This article is by Oscar Amarasinghe (, President of the Sri Lanka Forum for Small-Scale Fisheries (SLFSSF), Sri Lanka

The Ministry of Fisheries and Aquatic Resources Development (MFARD) of Sri Lanka recently prepared a White Paper on National Fisheries Policy in 2018, which was approved by the Cabinet and is expected to be presented to the parliament. It fails to address a number of compelling needs of the small-scale fisheries sector. The Sri Lanka Forum for Small-Scale Fisheries (SLFSSF) responded to this need; it embarked on a process to implement the Voluntary Guidelines for Securing Sustainable Small-Scale Fisheries in the Context of Food Security and Poverty Eradication (the SSF Guidelines) between July 2018 and May 2019, with assistance from the International Collective in Support of Fishworkers (ICSF), as part of efforts of the Food and Agriculture Organization of the United Nations (FAO) towards global implementation of the SSF Guidelines. Following the FAO Project Results Matrix, the SLFSSF took up a number of activities.

Plan of activities and methodology

The plan of activities included: sensitizing the state actors from diverse institutions in the coastal zone on the SSF Guidelines; development of communication tools for community stakeholders, as part of which the SSF Guidelines were translated and posters and factsheets prepared; stakeholder consultation workshops covering several parts of the country; assessment of the current fisheries policy; and re-modelling the policy by incorporating the relevant sections of the SSF Guidelines.

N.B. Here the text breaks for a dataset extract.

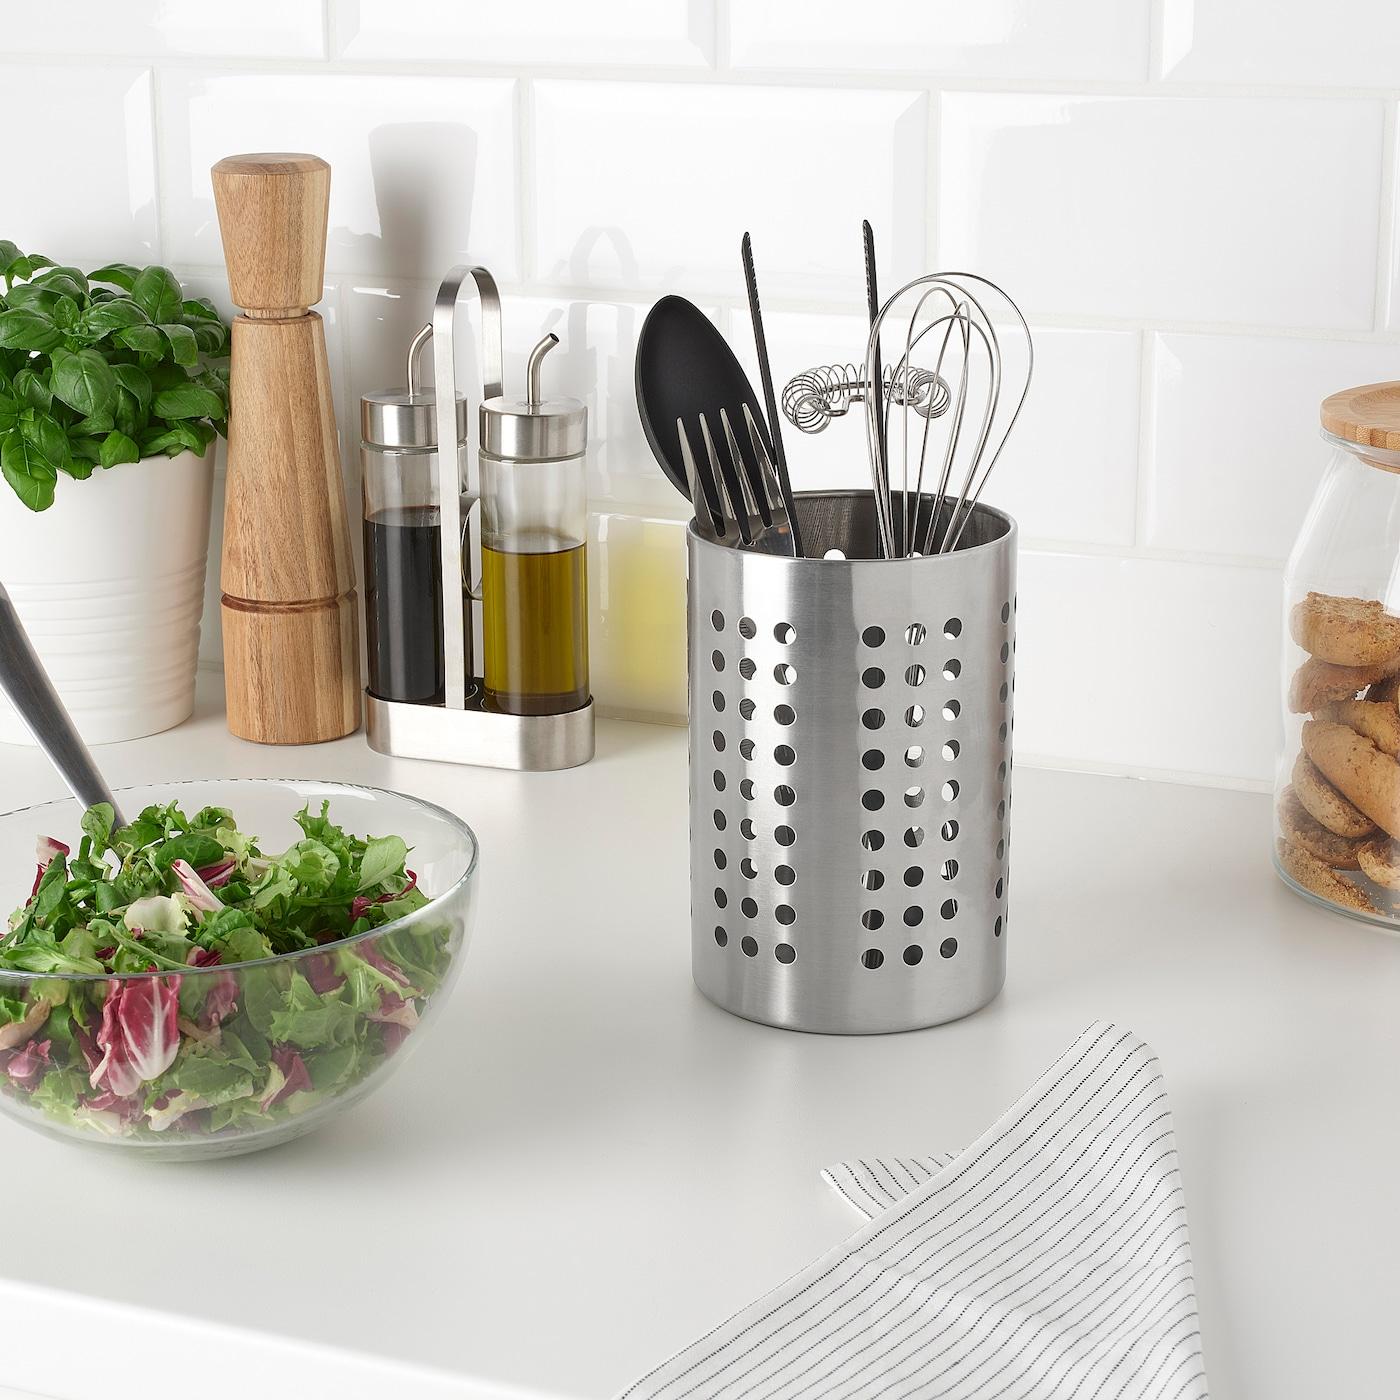 18cm Ikea semblant de cuisine ustensiles support en acier inoxydable; Couverts panier

Participatory Rural Appraisal (PRA) tools were used to extract information at stakeholder consultations and the results were analysed using non-parametric statistical tools.

The outcome: Missing links and new SSF policy

Stakeholder consultation workshops discussed diverse issues. The results of these discussions were analysed and their policy implications based on the relevant SSF Guidelines were noted. After re-visiting the current National Fisheries Policy by a group of policy experts and identifying the missing links, a new SSF policy paper was finally prepared.

Tenure rights

Focus Group Discussions (FGDs) at stakeholder consultation workshops revealed a number of incidences where the rights of fishers were violated, such as the acquisition of beach areas for tourism, leading to loss of anchorage sites, beach-seining sites, space available for craft and gear repair and fish processing. It also came up that large-scale mechanized craft and gear have taken away resources which were traditionally available to the small-scale and artisanal fishers. There were also concerns about rights that fishers want to possess and enjoy, including access to and use of mangrove forests and land adjoining beaches. In addressing these issues, the need for zonation of the coastal area was suggested.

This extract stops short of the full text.